As president, Trump approved a law increasing penalties for mishandling classified info. It could come back to bite him.
- Trump in 2018 signed a sweeping national-security bill into law.
- The bill increased punishments for those who mishandle classified information.
A bill which former President Donald Trump signed into law in 2018 could be used to punish him if he's found to have mishandled classified information after leaving office.
FBI agents on Monday raided Trump's Mar-a-Lago resort in Florida as part on an investigation into whether Trump wrongly kept hold of classified material after he left office.
Bradley P. Moss, a national-security attorney, told Insider that Trump could face five years in prison if he's found guilty under a national security bill which he signed as president.
The bill, which made changes to the Foreign Intelligence Surveillance Act (FISA) was signed into law by Trump in January 2018.

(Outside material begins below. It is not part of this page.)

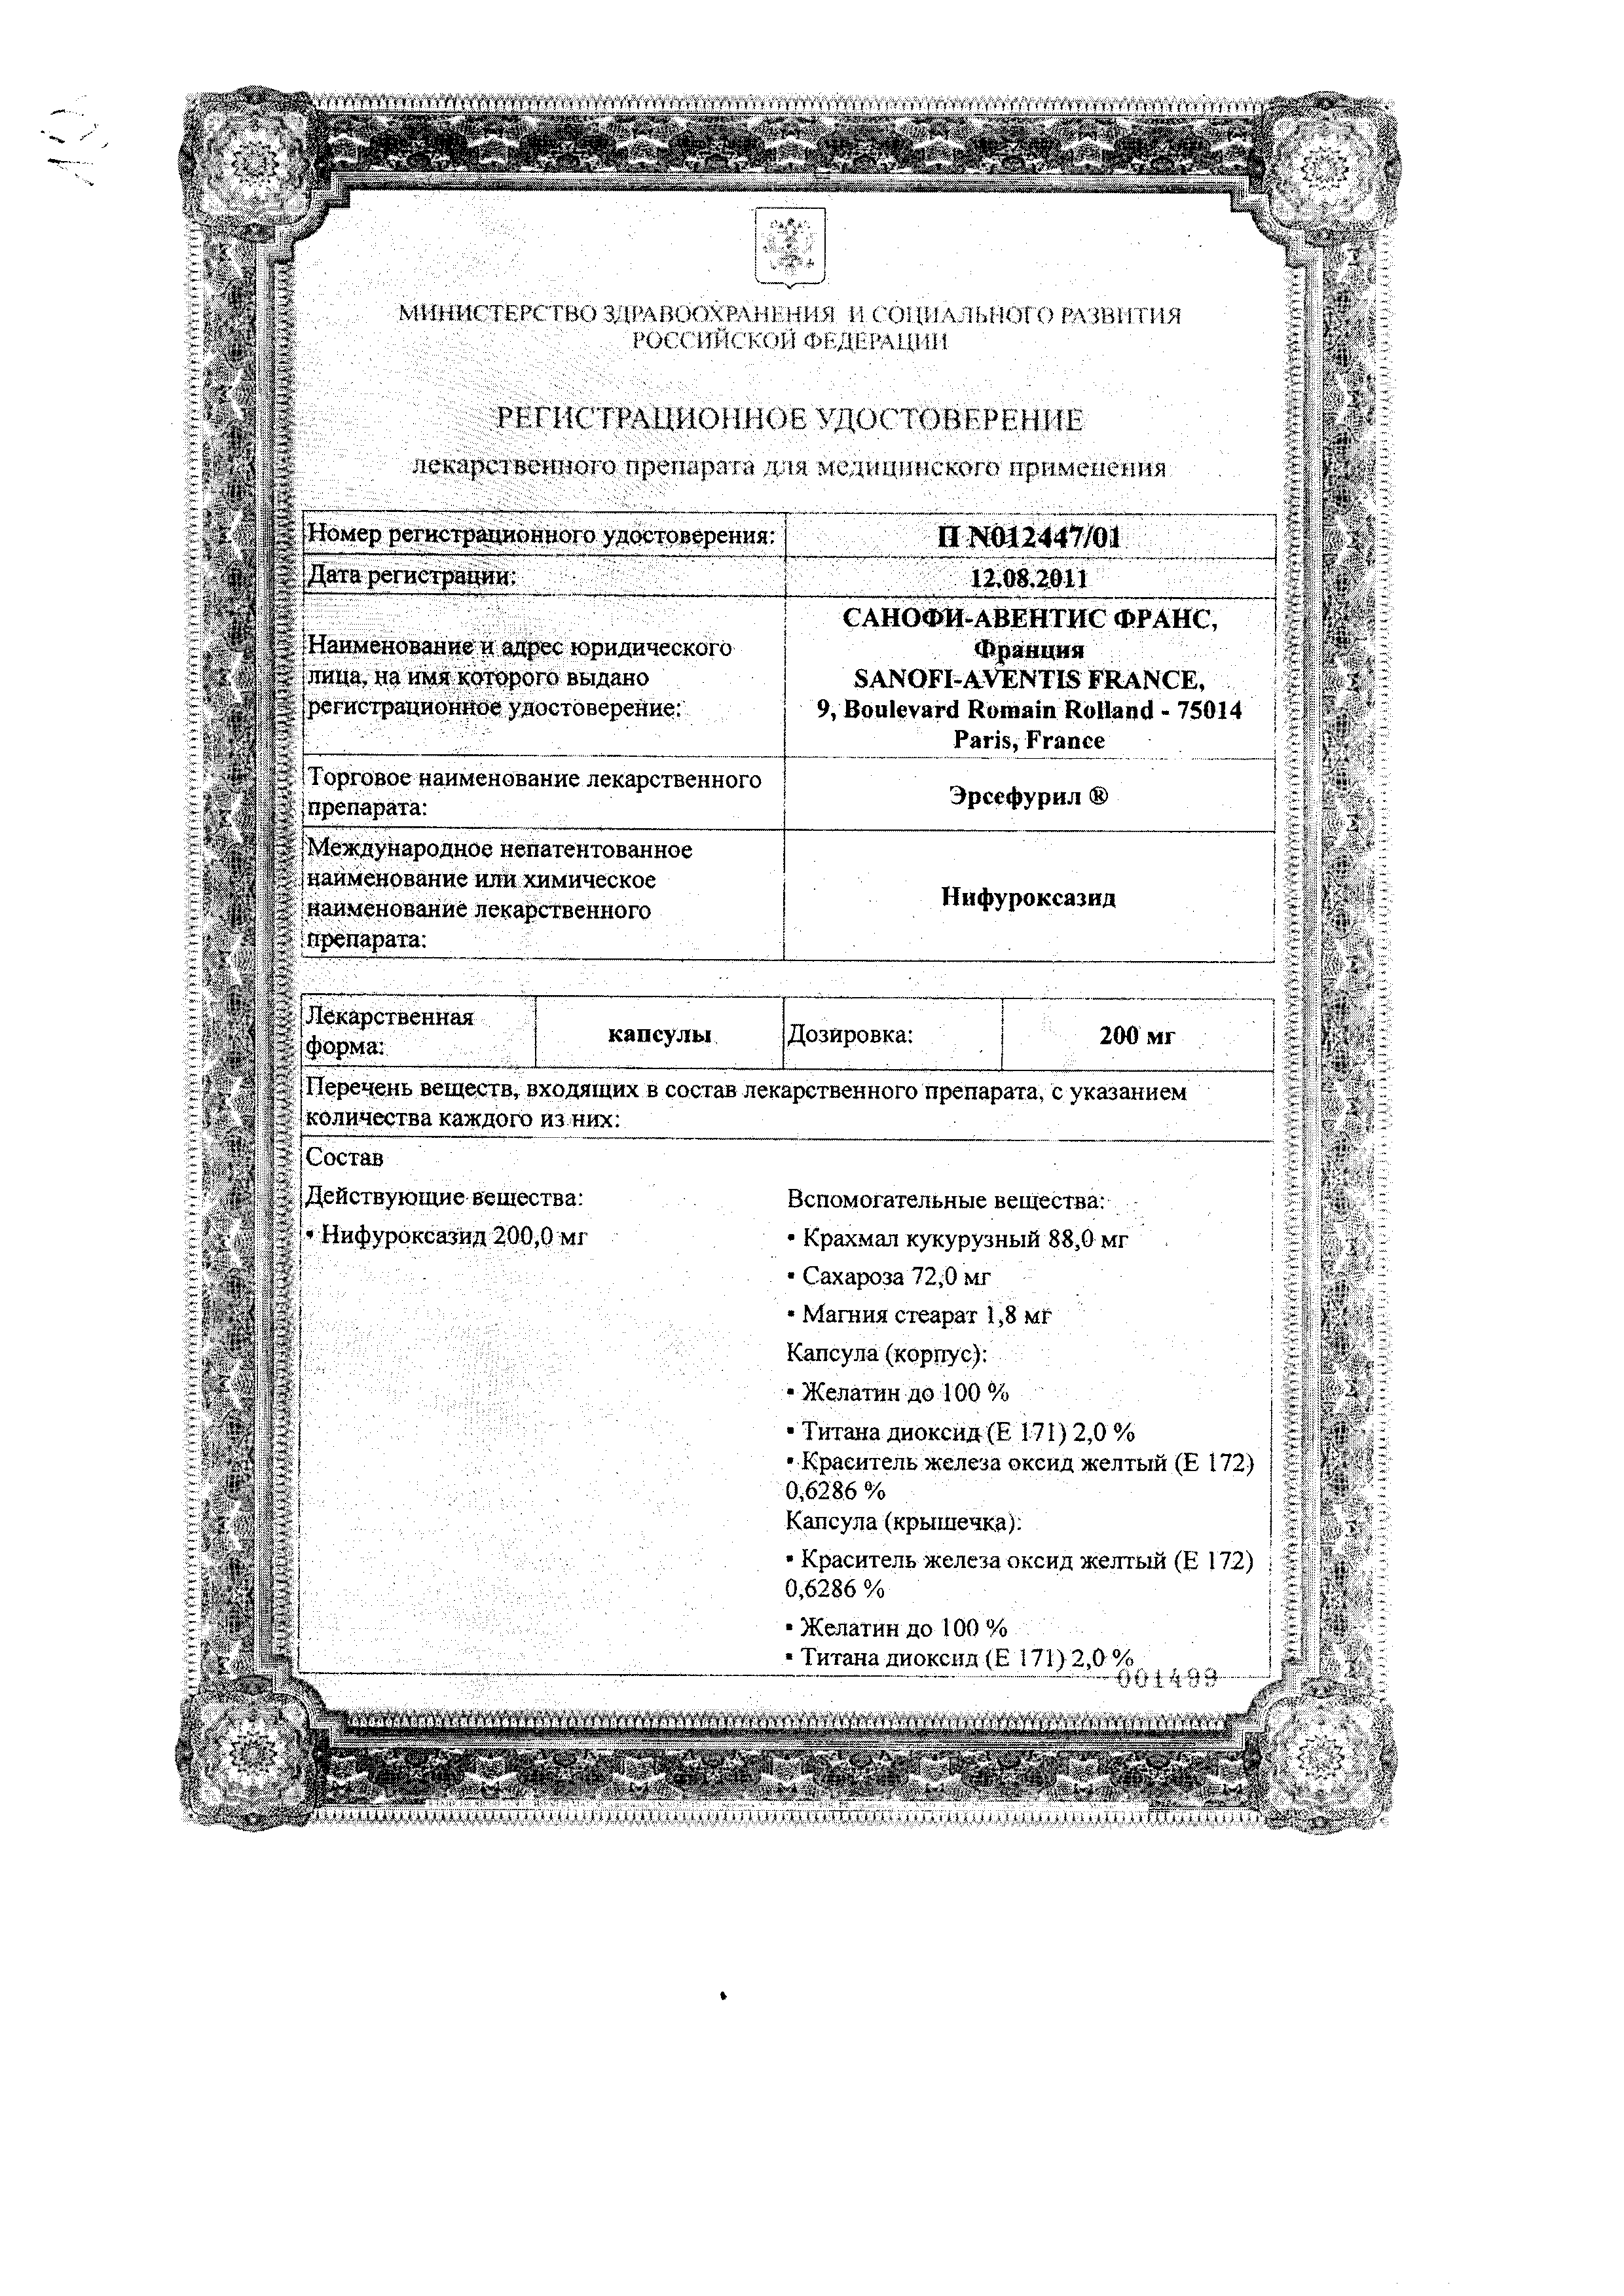 Эрсефурил сертификат

It upgraded the seriousness of wrongly moving classified material, turning it from a misdemeanor into a felony — and increasing the maximum punishment from one year to five.
Moss noted that it was passed in the wake of Trump's relentless attacks during the 2016 presidential campaign on Hillary Clinton for allegedly mishandling classified information.

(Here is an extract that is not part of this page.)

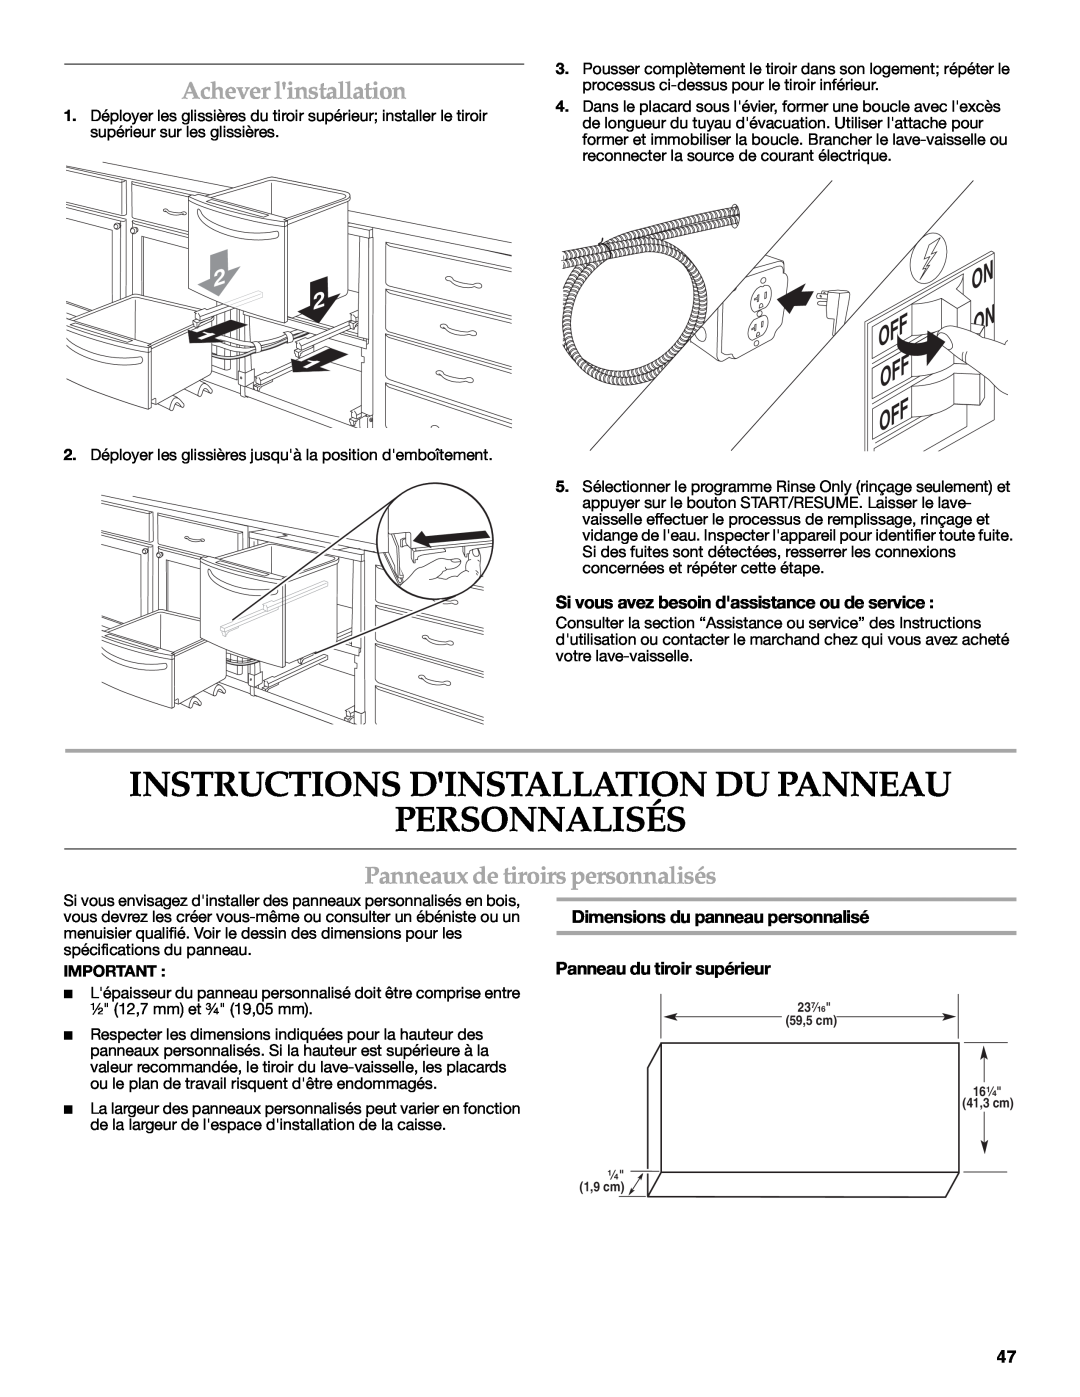 KitchenAid W10216167A Instructions Dinstallation Du Panneau Personnalisés, Achever linstallation, 2 2

But now it is Trump who is under pressure.
"Trump certainly has legal exposure to Section 1924 given it was classified documents from his spaces in the White House that were removed to Mar-Lago," said Moss.
In a tweet Tuesday in the wake of the FBI raid on Trump's Mar-a-Lago resort, Jeff Yarbro, an attorney and Democratic state senator in Tennessee, pointed out it was Trump who had signed the bill now looming over him.
The National Archives and Records Administration in February said that classified material was found among boxes of things that had been taken from the White House to Mar-a-Lago when he left office.
Legal analyst Glenn Kirchner at the time told MSNBC that the former president was facing a potential "five year felony" in a seeming reference to the law Trump had strengthened in 2018.
At the time, the classified-information measures attracted little attention, with the focus of news coverage being the renewal of sweeping surveillance powers in the bill.
According to an analysis by Moss and other analysts at the Just Security blog, it is one of a number of laws Trump might have violated if he's found to have mishandled classified material.
There are some doubts about whether the bill Trump signed into law could be used to prosecute him, said Moss, as it's unclear whether it applies to former presidents.
Trump has vehemently denied any wrongdoing in relation, saying that he had fully cooperated with requests from the National Archives and characterizing the raid as a politically motivated.
His aide, Kash Patel, told Breitbart that Trump declassified the material before leaving office under the president's broad powers for deciding what should remain secret.
Moss said "efforts by Trump to declassify records before he left office" were another key issue that could impact whether the measures could be used to prosecute Trump.
Trump's office did not immediately reply to a request for comment from Insider.